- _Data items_

=== Begin Enclosure ===

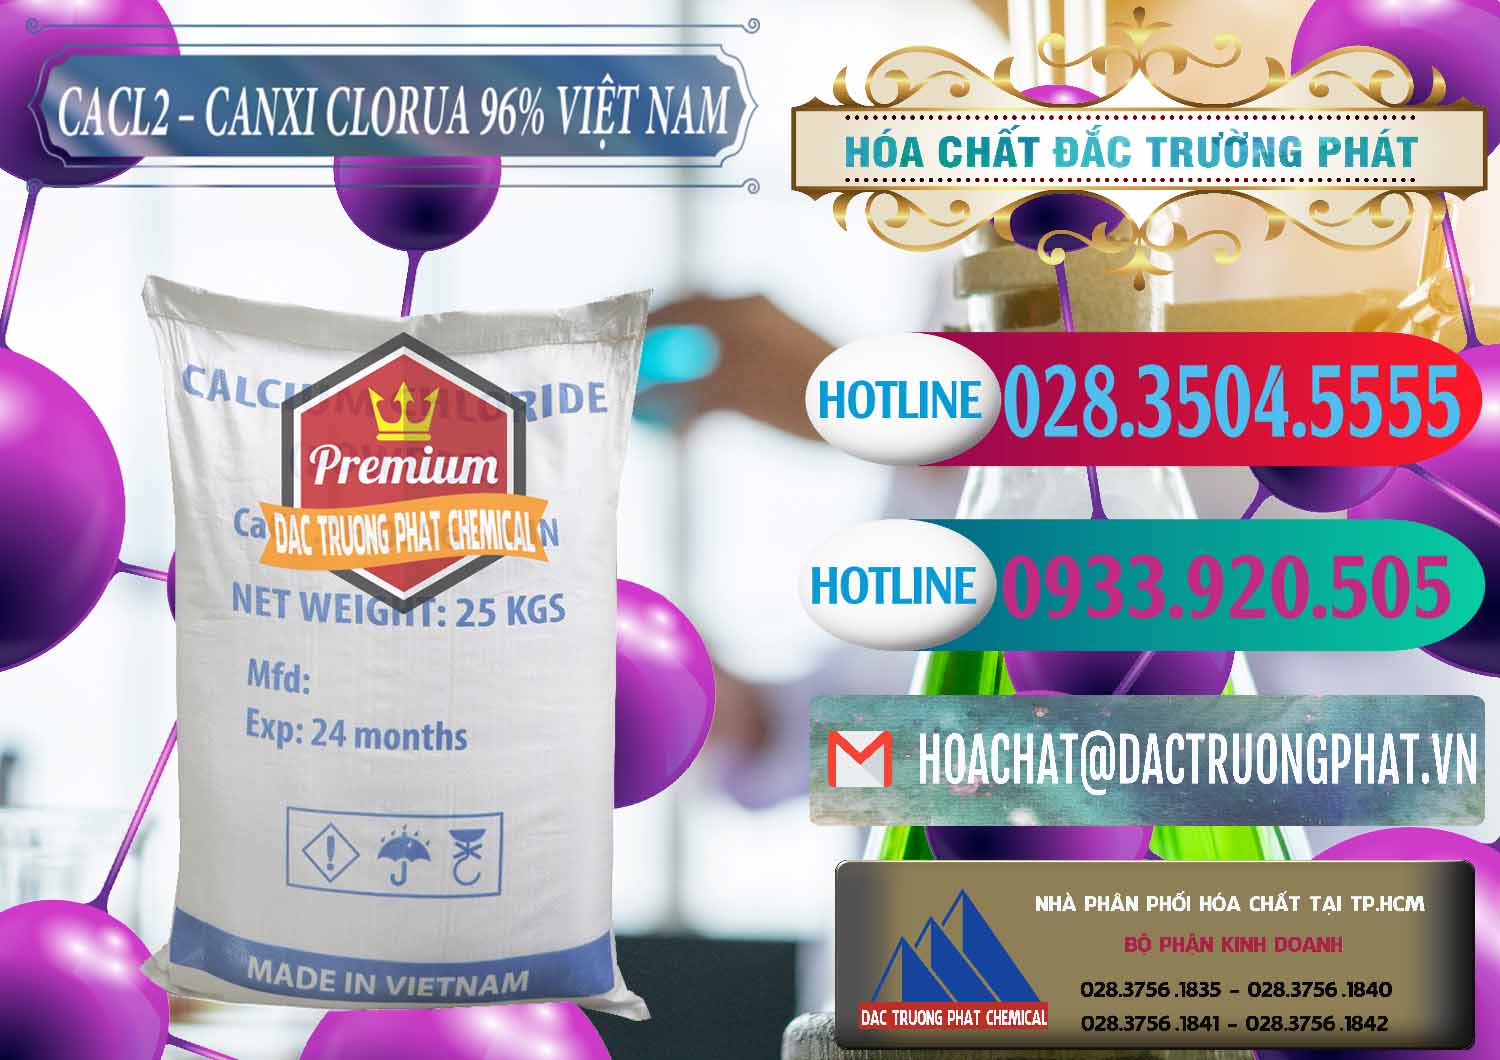 Chuyên phân phối & kinh doanh CaCl2 – Canxi Clorua 96% Việt Nam - 0236 - Nhà cung ứng ( phân phối ) hóa chất tại TP.HCM - truongphat.vn
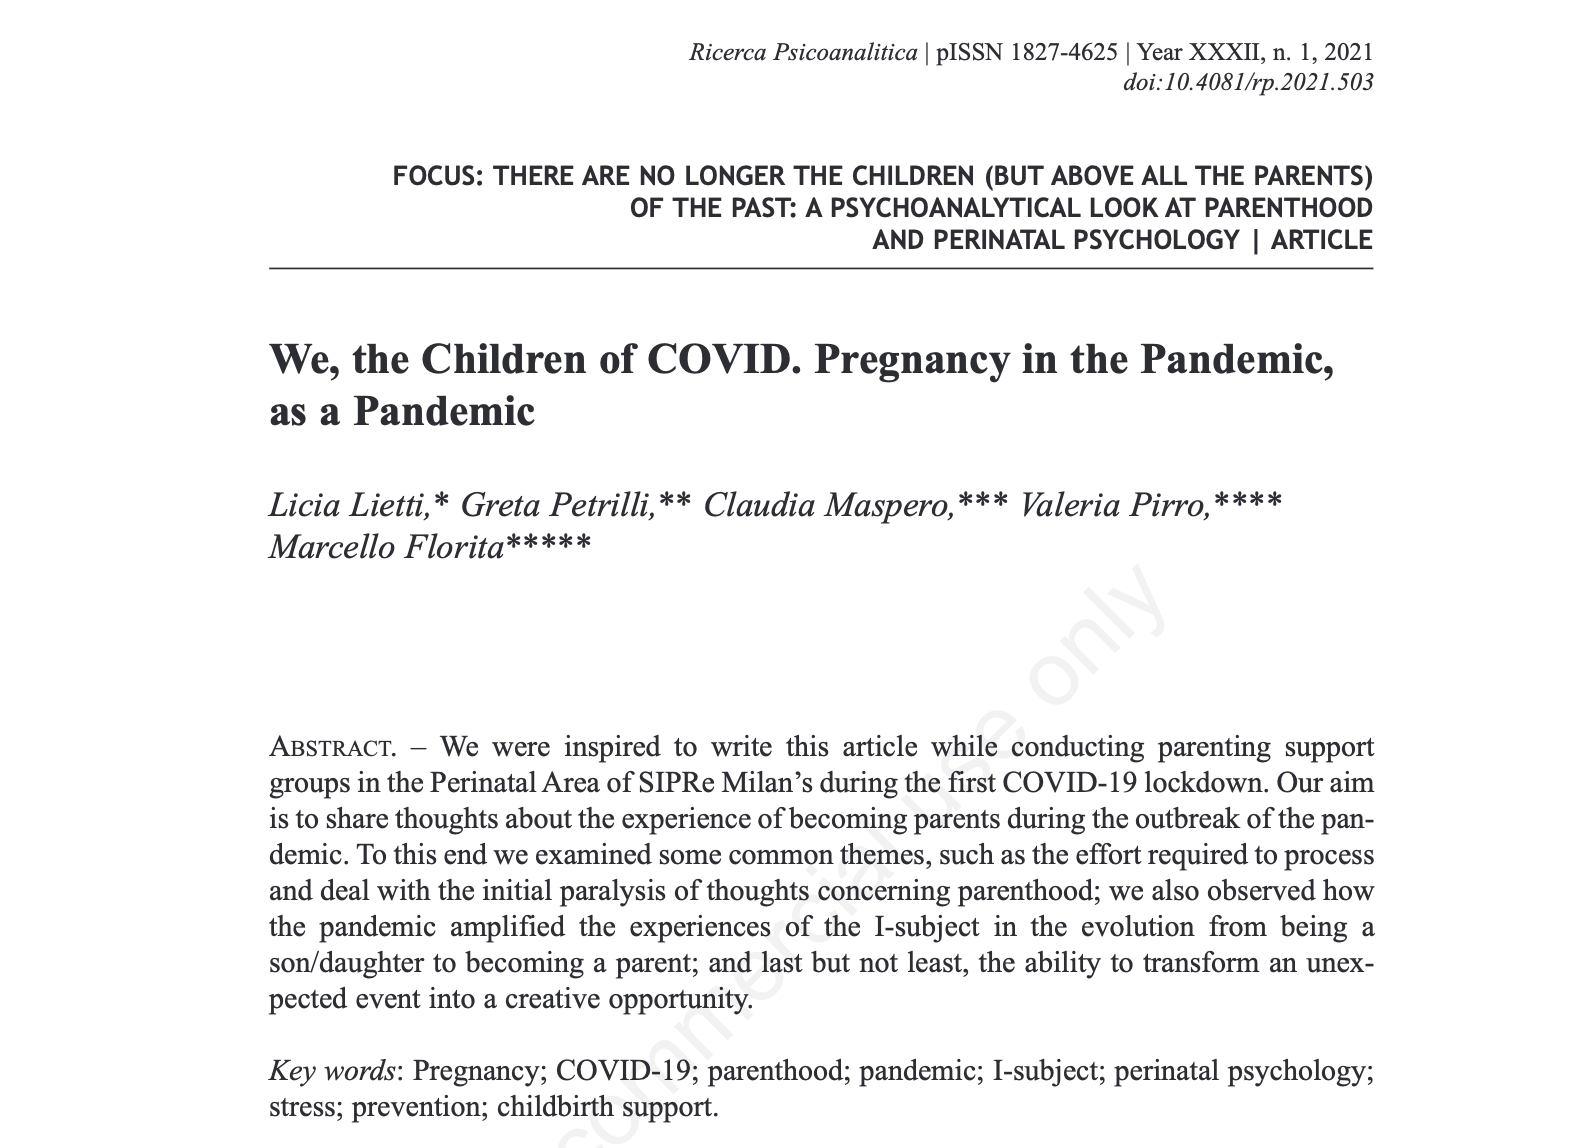 Pregnany and COVID. Born in Pandemia
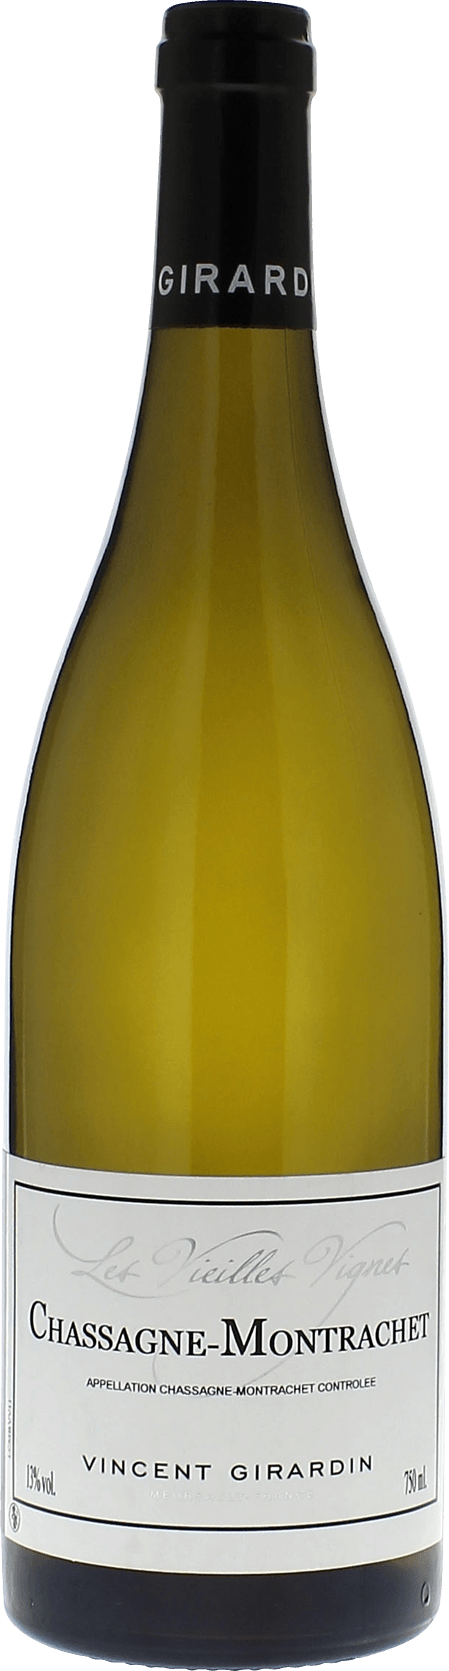 Chassagne montrachet vieilles vignes 2017 Domaine GIRARDIN Vincent, Bourgogne blanc
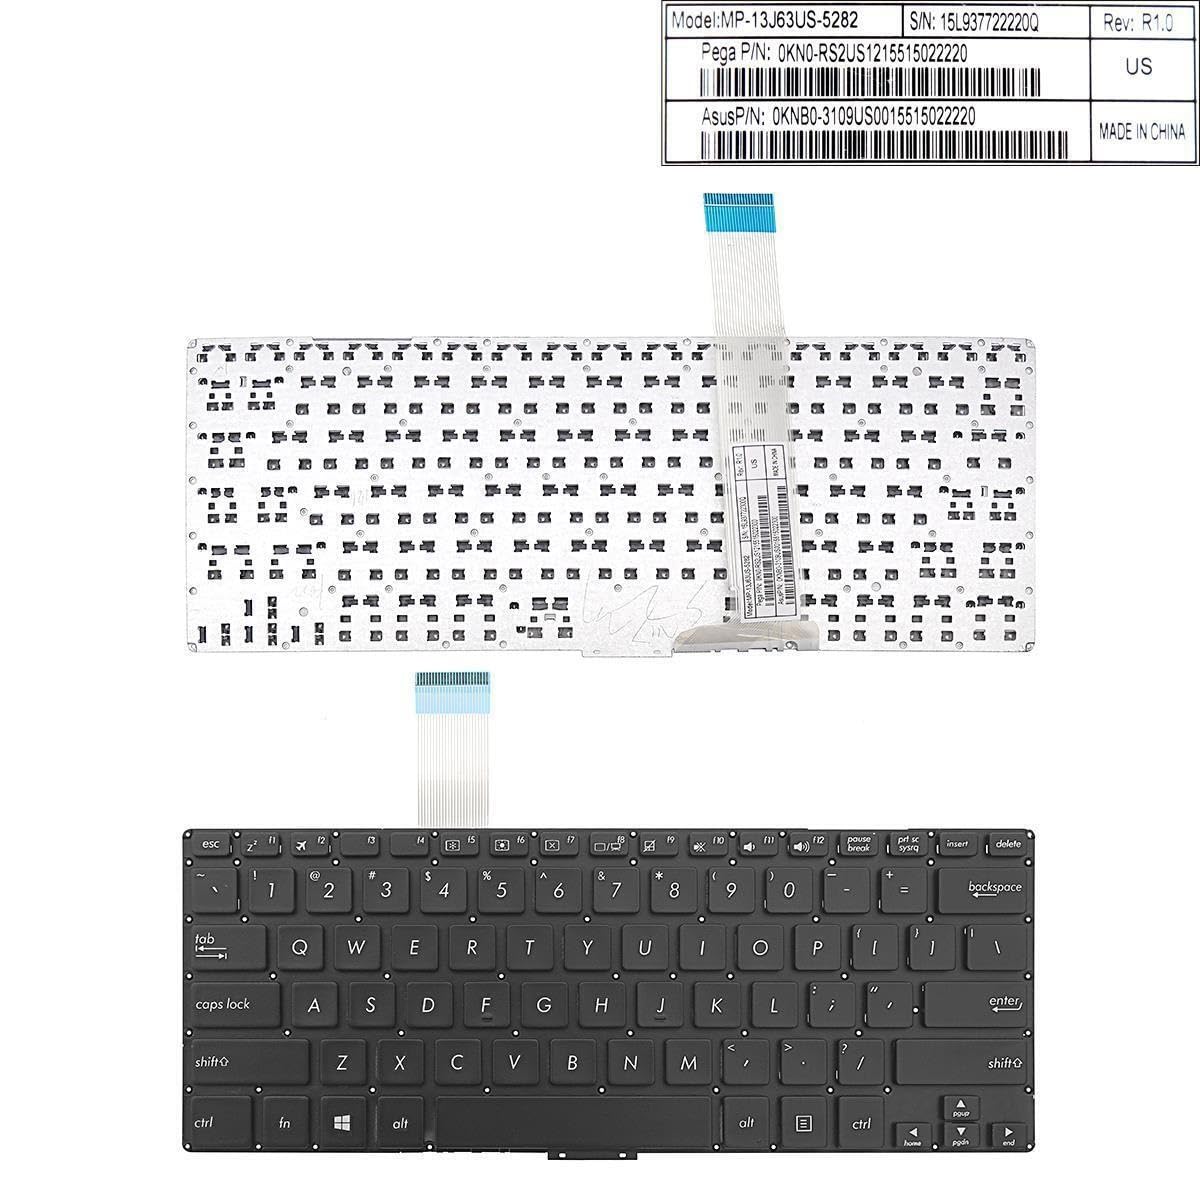 WISTAR Laptop Keyboard Compatible for ASUS VivoBook S300 S300C S300SC S300CA S300K S300KI Series
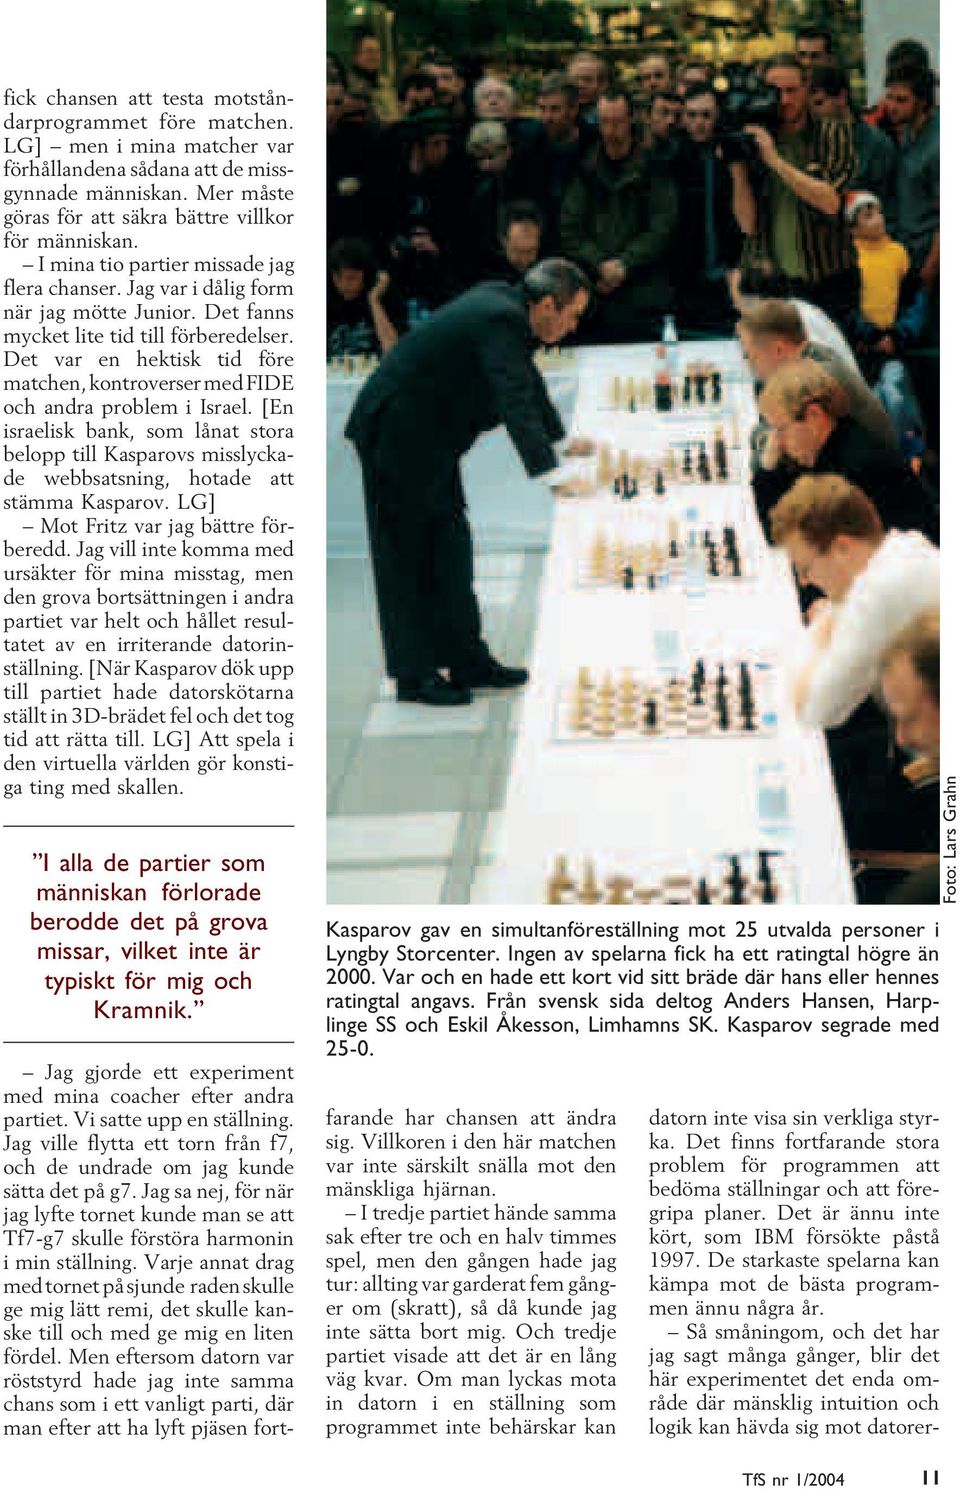 Det var en hektisk tid före matchen, kontroverser med FIDE och andra problem i Israel. [En israelisk bank, som lånat stora belopp till Kasparovs misslyckade webbsatsning, hotade att stämma Kasparov.

=== End Enclosure ===

- _AIM OF THE TASK_
Lines from the one that contains "Chassagne montrachet vieilles" through the last line of the data above are to be extracted exactly, with no pictures and no other lines.

- _RESULT FOR THIS TASK_
 Chassagne montrachet vieilles vignes 2017 Domaine GIRARDIN Vincent, Bourgogne blanc
 WISTAR Laptop Keyboard Compatible for ASUS VivoBook S300 S300C S300SC S300CA S300K S300KI Series
 Det var en hektisk tid före matchen, kontroverser med FIDE och andra problem i Israel. [En israelisk bank, som lånat stora belopp till Kasparovs misslyckade webbsatsning, hotade att stämma Kasparov.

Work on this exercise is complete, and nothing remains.